四苦では「生」自体も苦として扱われている。釈迦輪廻からの解脱を目指したが、本来の釈迦の教説では浄土を想定せず「死後に天界を含めて、一切皆苦のこの世界で二度と生まれ変わらないこと」を目指していたと説明される(大乗非仏説参照)[2][3]佐々木閑は「釈迦はこの世を一切皆苦ととらえ、輪廻を断ち切って涅槃に入ることで、二度とこの世に生まれ変わらないことこそが究極の安楽だと考えた」と説明している[4]。釈迦の生涯を体系的に網羅した叙事詩『ブッダチャリタ』では涅槃に入った釈迦について「地上においては老・死の恐怖はなく、天上においては天界から落ちる恐怖(天人五衰)はない。(中略)生があれば不快が生じる。再び輪廻に生まれないことによる非常な快以上の快はない。」と述べている[5]

抜粋

[編集]

釈迦初転法輪において四諦を説き、その中では苦諦として四苦八苦を説いた。

比丘等よ、苦聖諦とは、此の如し、
生は苦なり、老は苦なり、病は苦なり、死は苦なり、
怨憎するものに曾ふは苦なり、愛するものと別離するは苦なり、求めて得ざるは苦なり、
略説するに五蘊取蘊は苦なり。

—  南伝大蔵経, 律蔵大犍度

生は苦なり

[編集]

アルボムッレ・スマナサーラは生苦を「生きるとは、苦から逃れ続けること」と説明している[6]。人は空腹という苦から逃れるために食事を取り、食べ過ぎは苦であるから食事を終了する[6]。
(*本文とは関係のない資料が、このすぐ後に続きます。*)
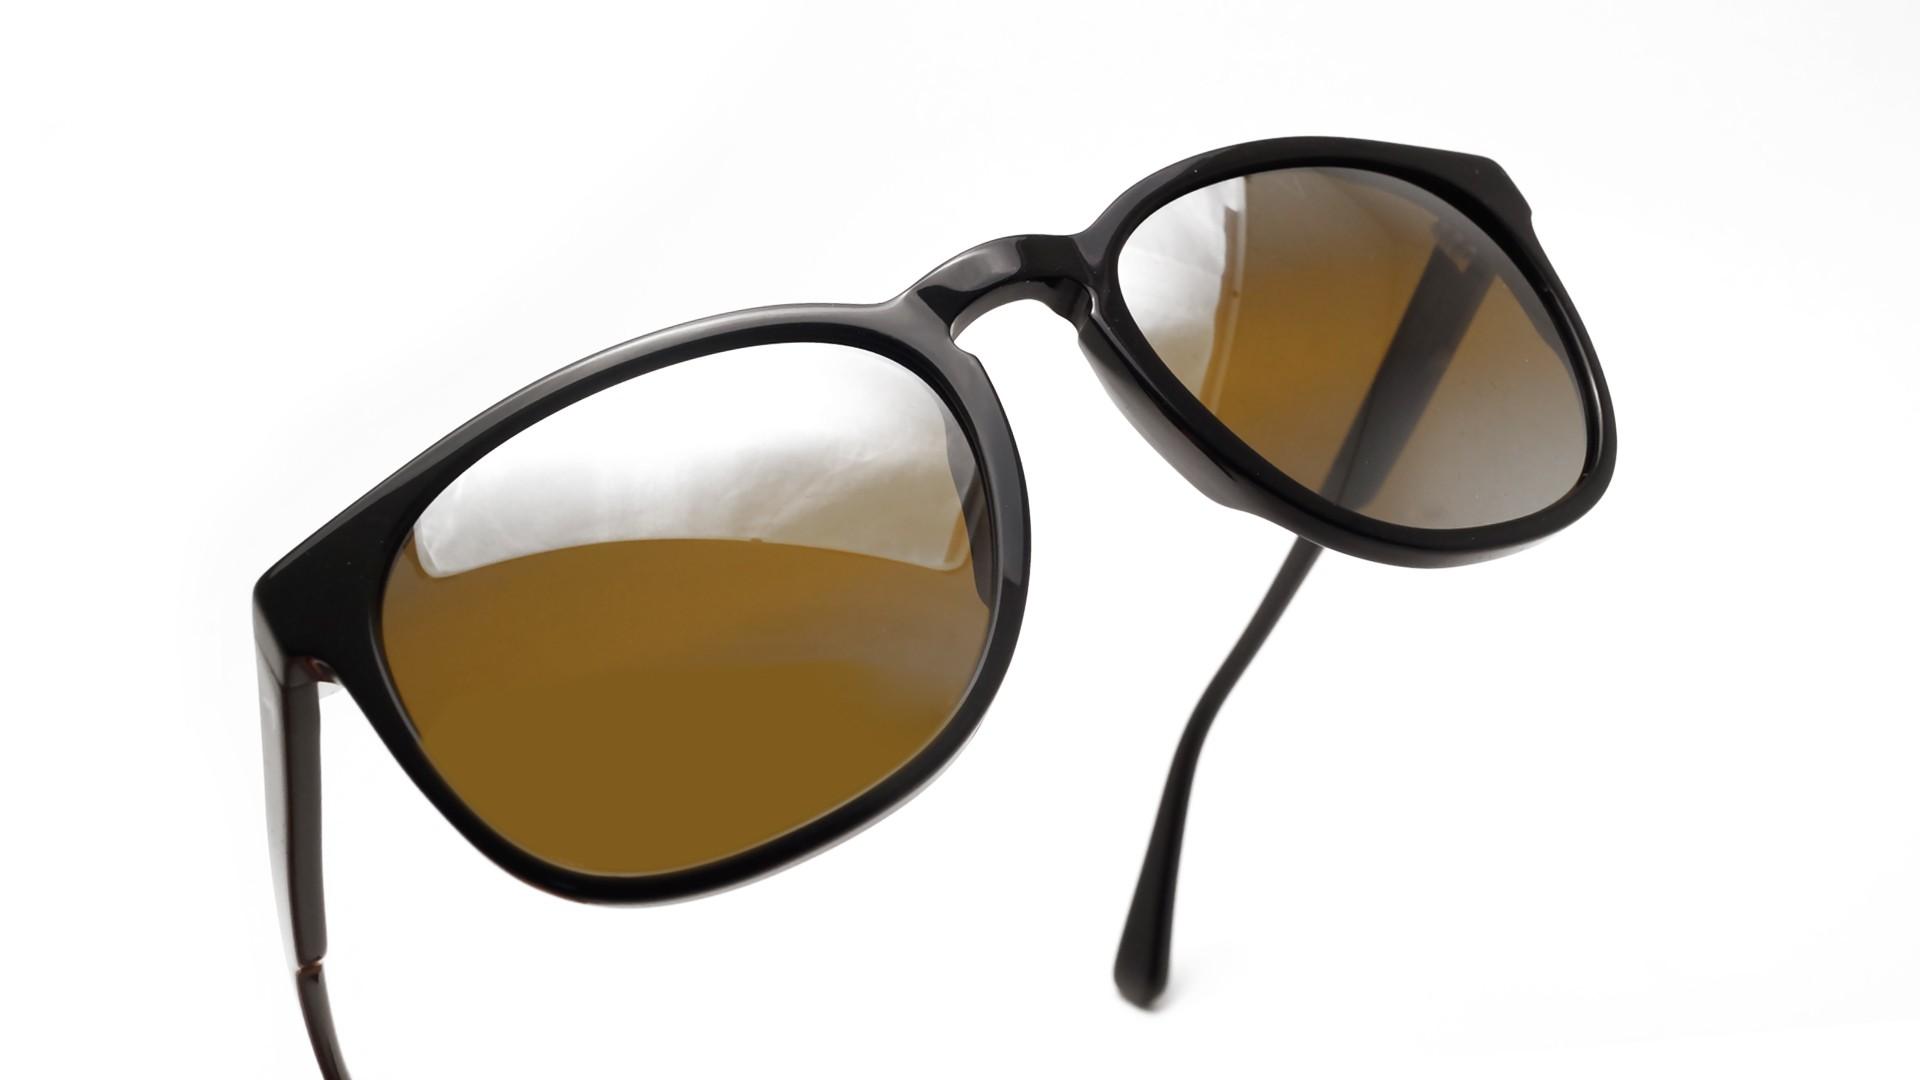 15 Dégradés Miroirs Noir Vuarnet 0001 53 Ronde Medium Vl1622 District Skilynx QBEdrxoCeW

座り続けることは苦痛であるから立ち、立ち続けることは苦痛であるから座るのである」と説明している[6]

脚注

[編集]
  1. ^ a b c d e f g アルボムッレ・スマナサーラ『苦の見方』サンガ (出版社)、2015年、Kindle版、位置No.全2025中 1188 / 59%。ISBN 978-4865640199 
  2. ^ 佐々木閑『ブッダ 最期のことば』NHK出版 2016年、p22-24
  3. ^ 佐々木閑『いかにして多様化したか 部派仏教の成立』NHK出版 2025年、p85-86
  4. ^ 佐々木閑『いかにして多様化したか 部派仏教の成立』NHK出版 2025年、p85-86
  5. ^ 完訳 2019, p. 322.
  6. ^ a b c アルボムッレ・スマナサーラ『結局は自分のことを何もしらない』〈サンガ新書 役立つ初期仏教法話〉2008年。ISBN 978-4901679619 

参考文献

[編集]

関連項目

[編集]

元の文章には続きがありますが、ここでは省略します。